The source and an example is at:
http://www.cs.utexas.edu/users/mcguire/software/fbmodule/
I'll tack the README on the end of this message, in case anyone wants
to know more.
Tommy McGuire
mcguire at cs.utexas.edu
------
FlexBisonModule-1.0
Use Flex and Bison to create Python modules for parsing strings.
http://www.cs.utexas.edu/users/mcguire/software/fbmodule/
RATIONALE:
- Some people _like_ using flex and bison. (Yes, I pity them, too.
(Actually, fooling with flex is kind of fun, though.))
- flex and bison are both reasonably standard, reasonably popular, and
pretty well documented. (See O'reilly's _lex & yacc_ by John R. Levine,
Tony Mason and Doug Brown (preferrably the second edition, which is much
improved over the first) as well as the flex and bison docs.)

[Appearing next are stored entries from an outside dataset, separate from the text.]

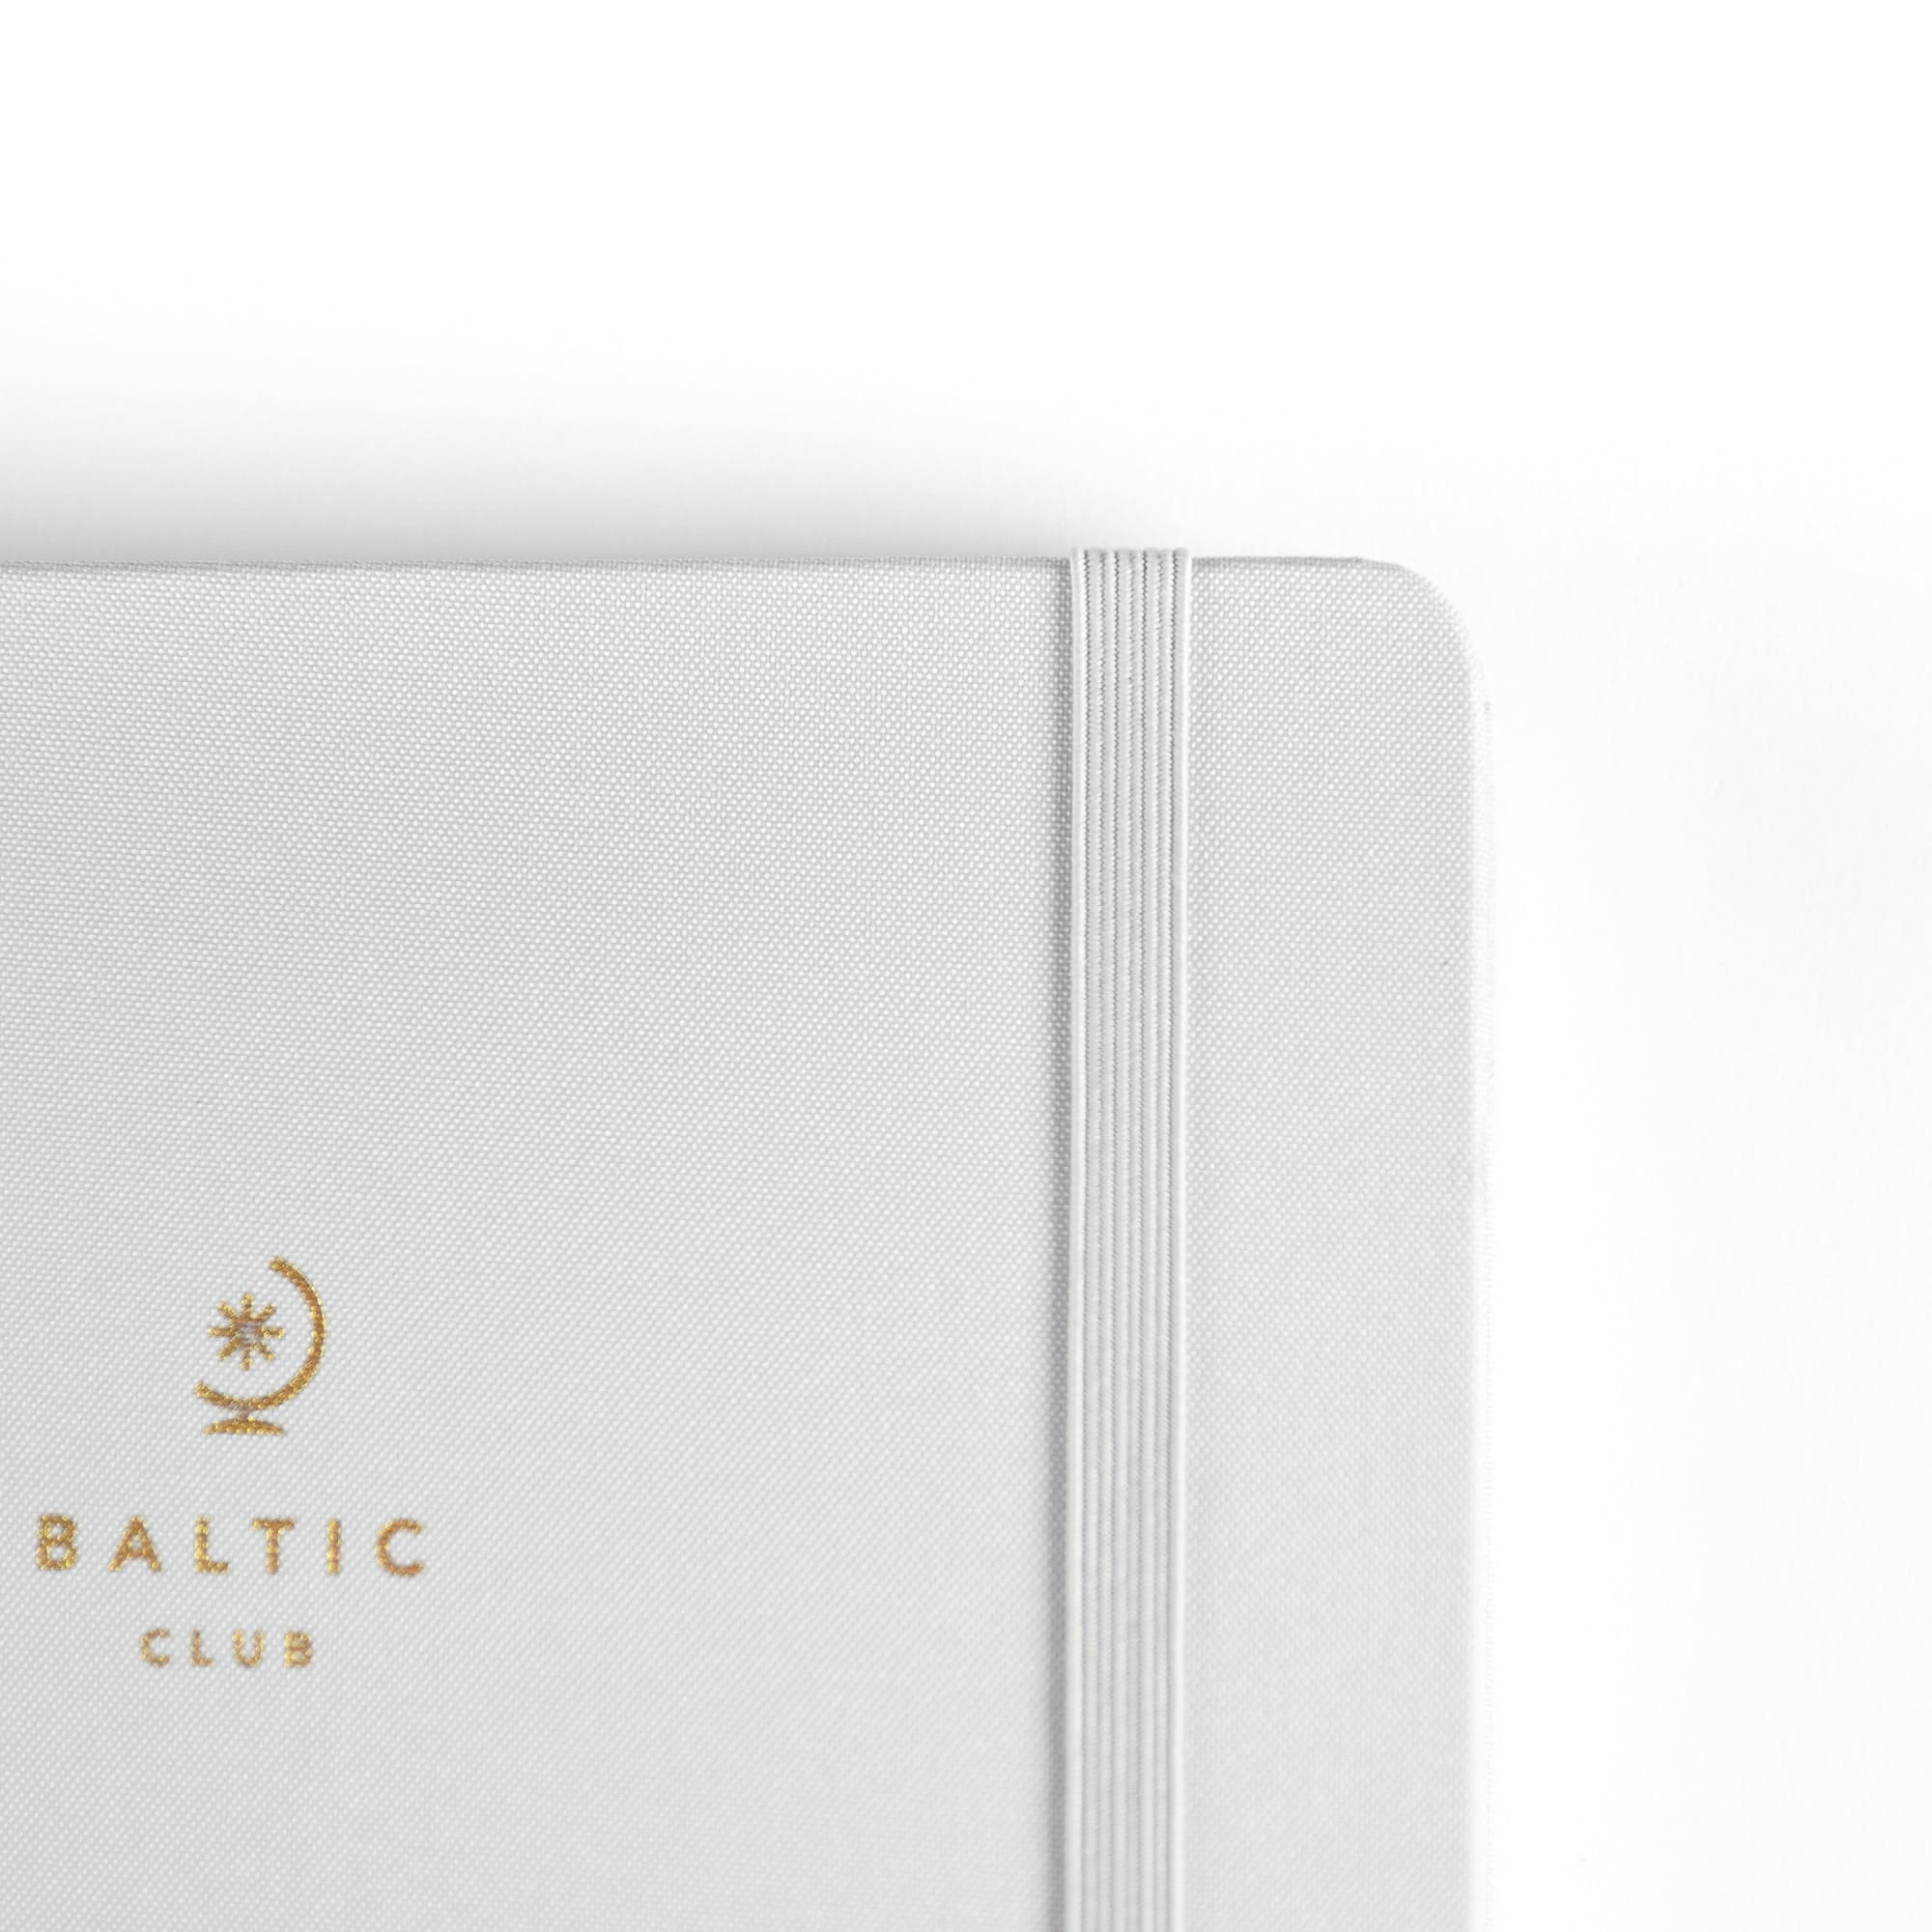 The elastic band on the front cover of the Grey Cloth-covered Undated Planner from The Baltic Club
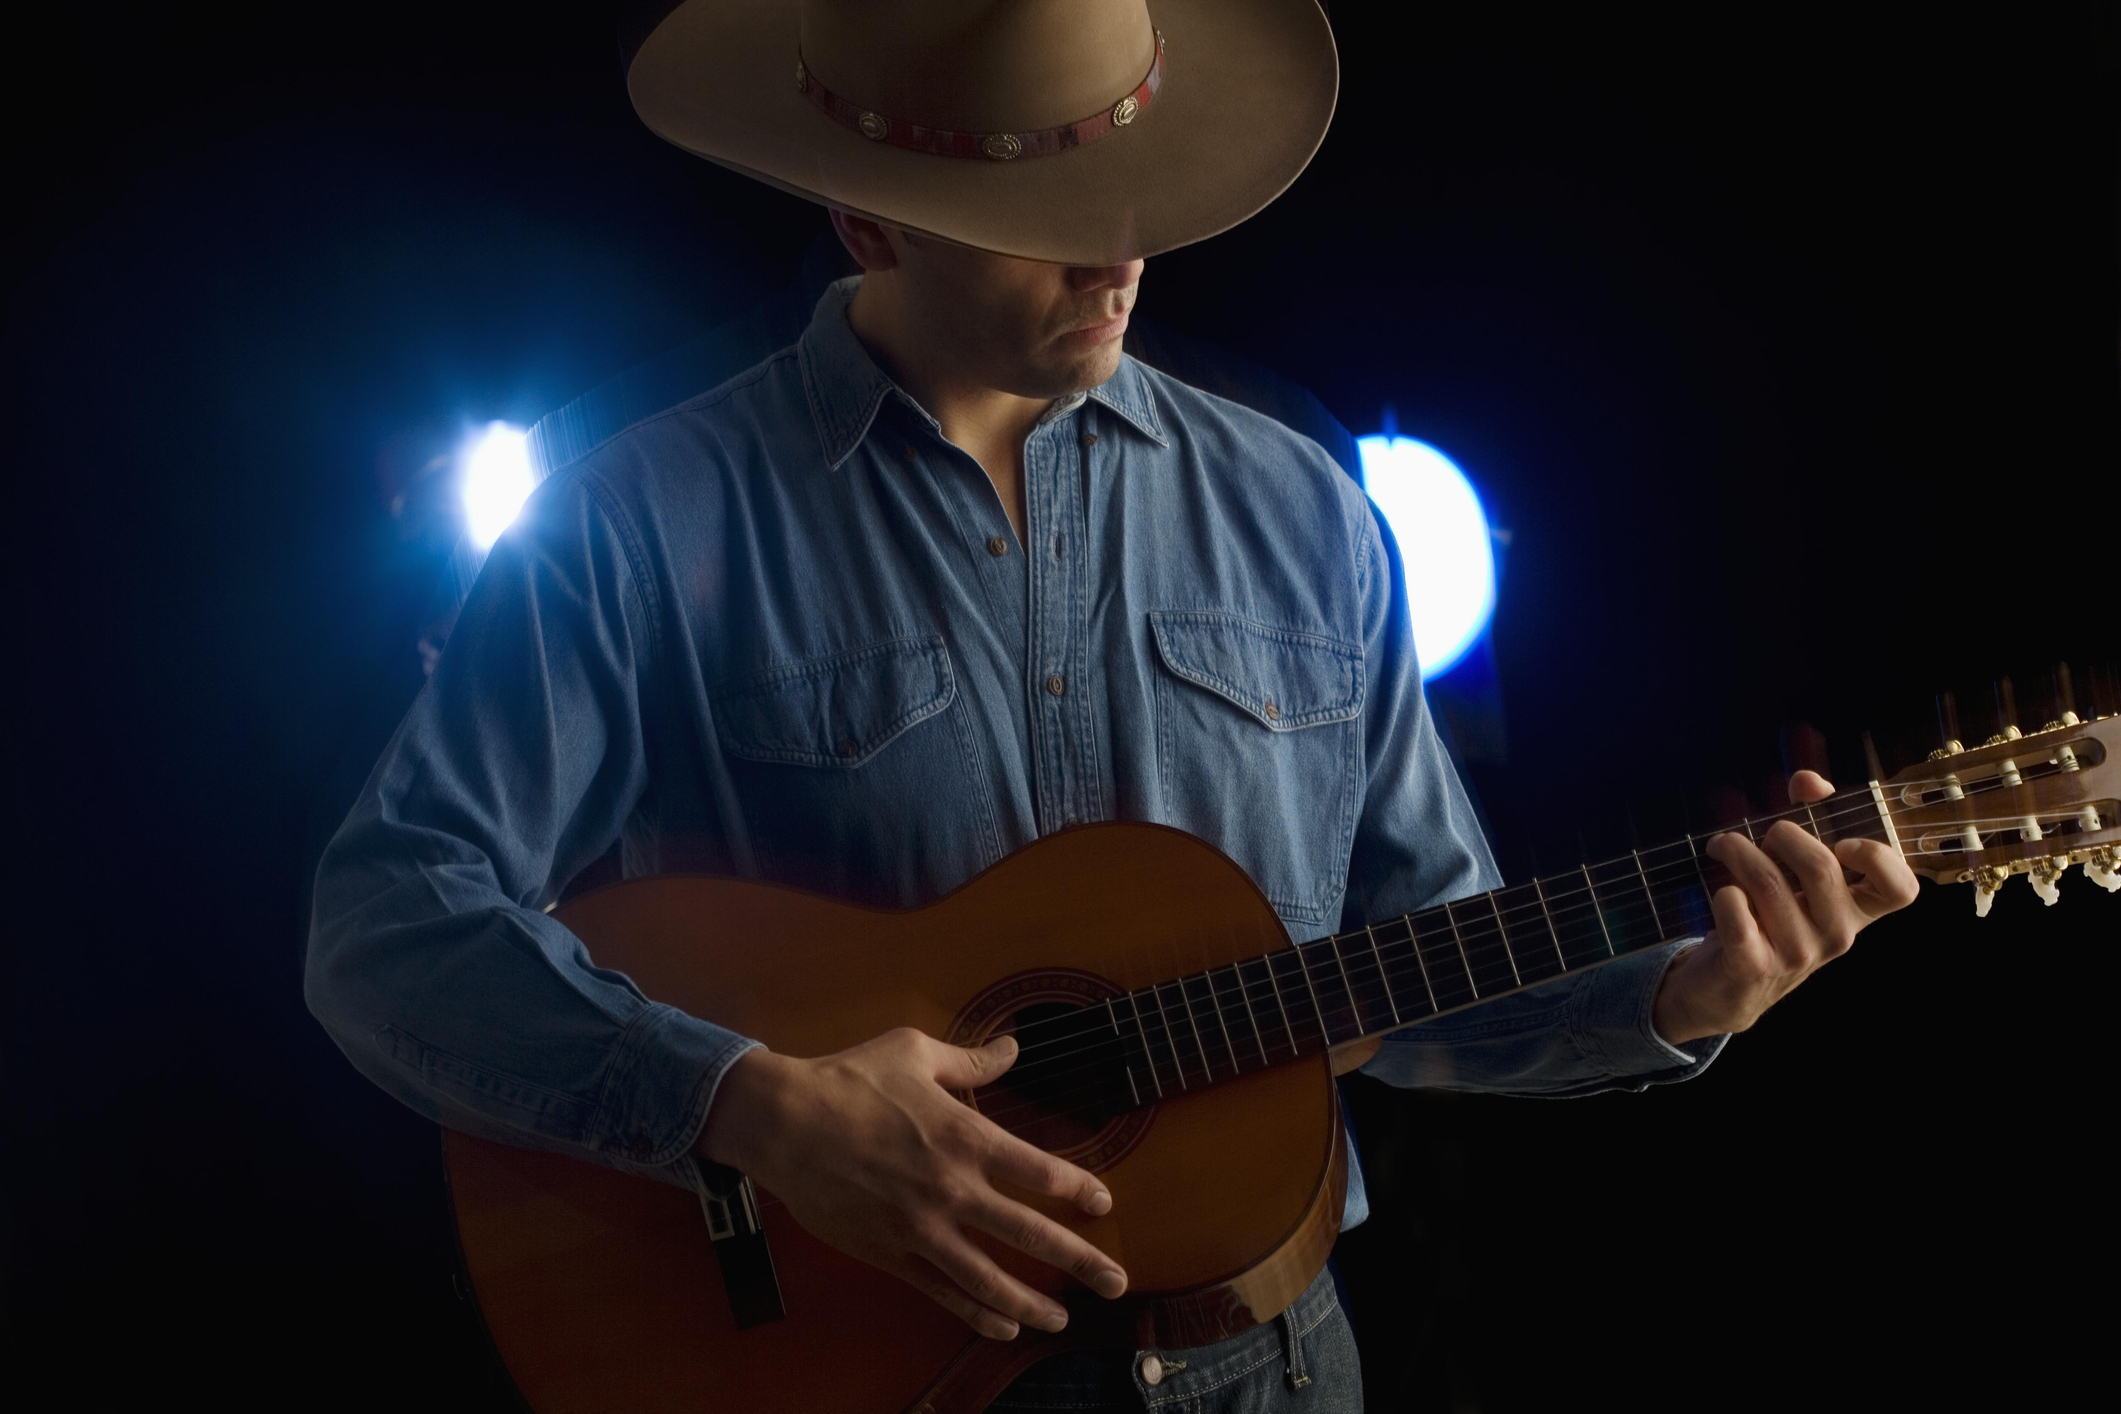 A man wearing a wide-brimmed hat and playing guitar
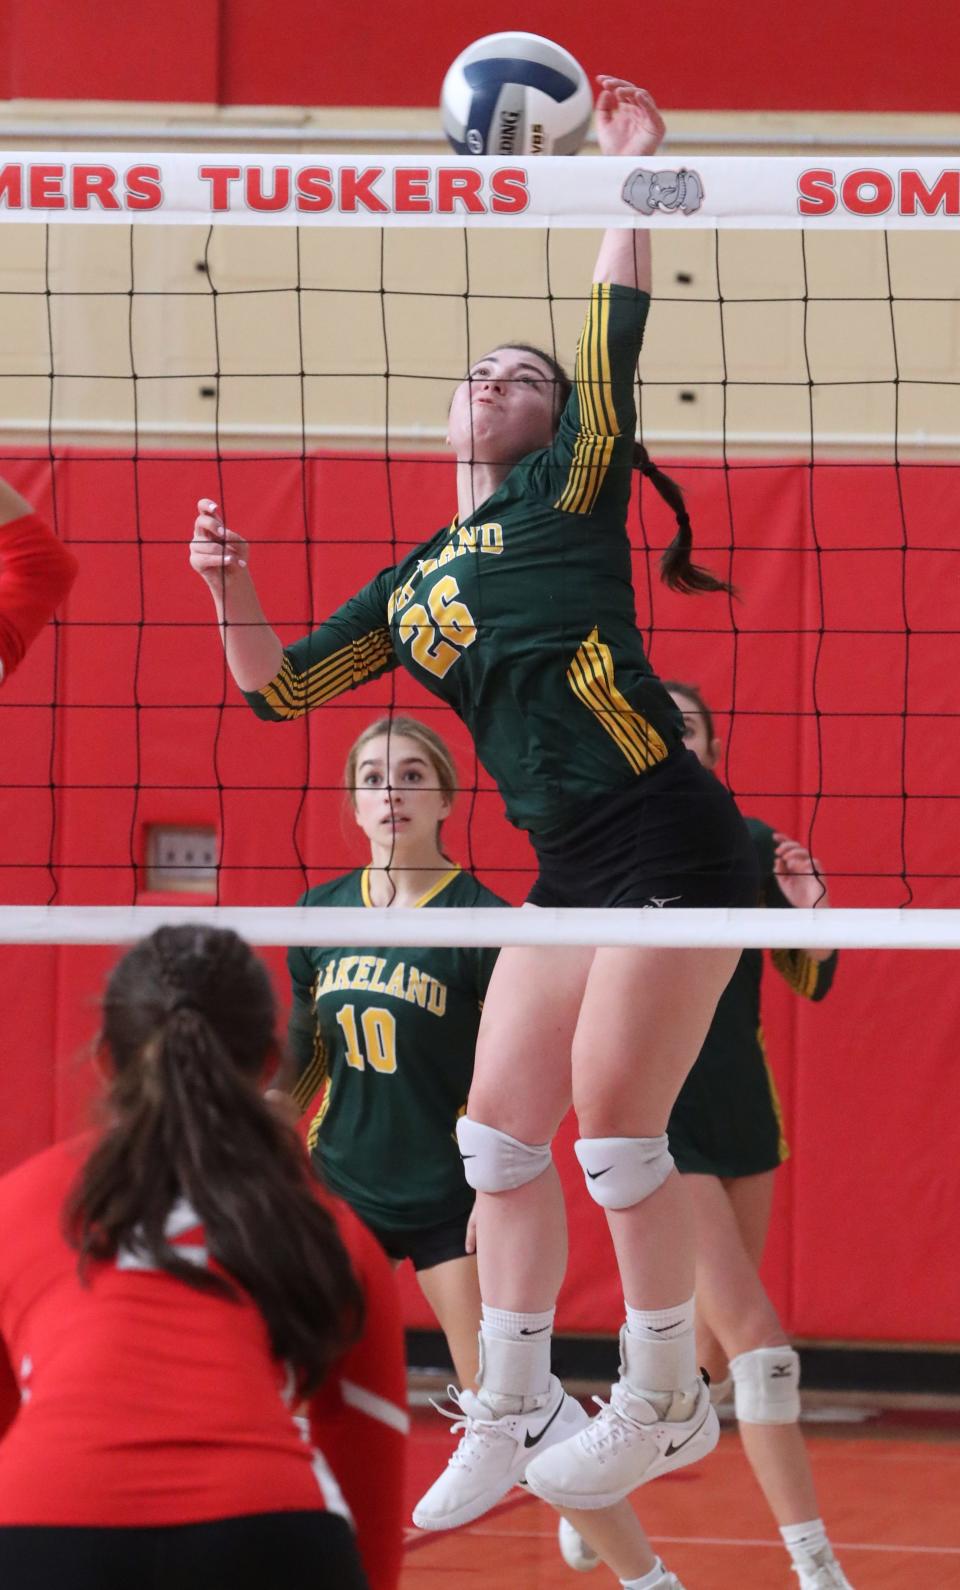 Lakeland's Kayla Jennings spikes the ball during a match at Somers Sept. 28, 2022. Lakeland won 3 sets to 0.

- flex and bison are pretty fast (in their own way, of course). If
more speed is needed when using both, it should be possible to merge the
two modules into a single C module without changing any of the
scanning or grammar rules.
- flex and bison are flexible. If the speed of the Python program is
not sufficient, you'll have debugged grammar rules which can be used
to rewrite the program entirely in C.
REQUIREMENTS:
This sofware has been tested with:
- flex 2.5.4
- bison 1.28
- gcc 2.95.2
- Python 1.5.2
under Linux. FlexModule uses flex's C++ option to create a Python
type. BisonModule uses GCC's variable argument macros, if nothing
else, and therefore probably won't work with another C compiler.
FILES:
BisonModule.h - C header file which should be included by a Bison
grammar specification.
FlexModule.h - Similarly, a C++ header file used by a Flex scanner
specification.
Makefile.pre.in - Modified version of Makefile.pre.in from Python
1.5.1; changed to get the C++ Flex output to compile and with rules to
run flex and bison to produce .cc and .c files.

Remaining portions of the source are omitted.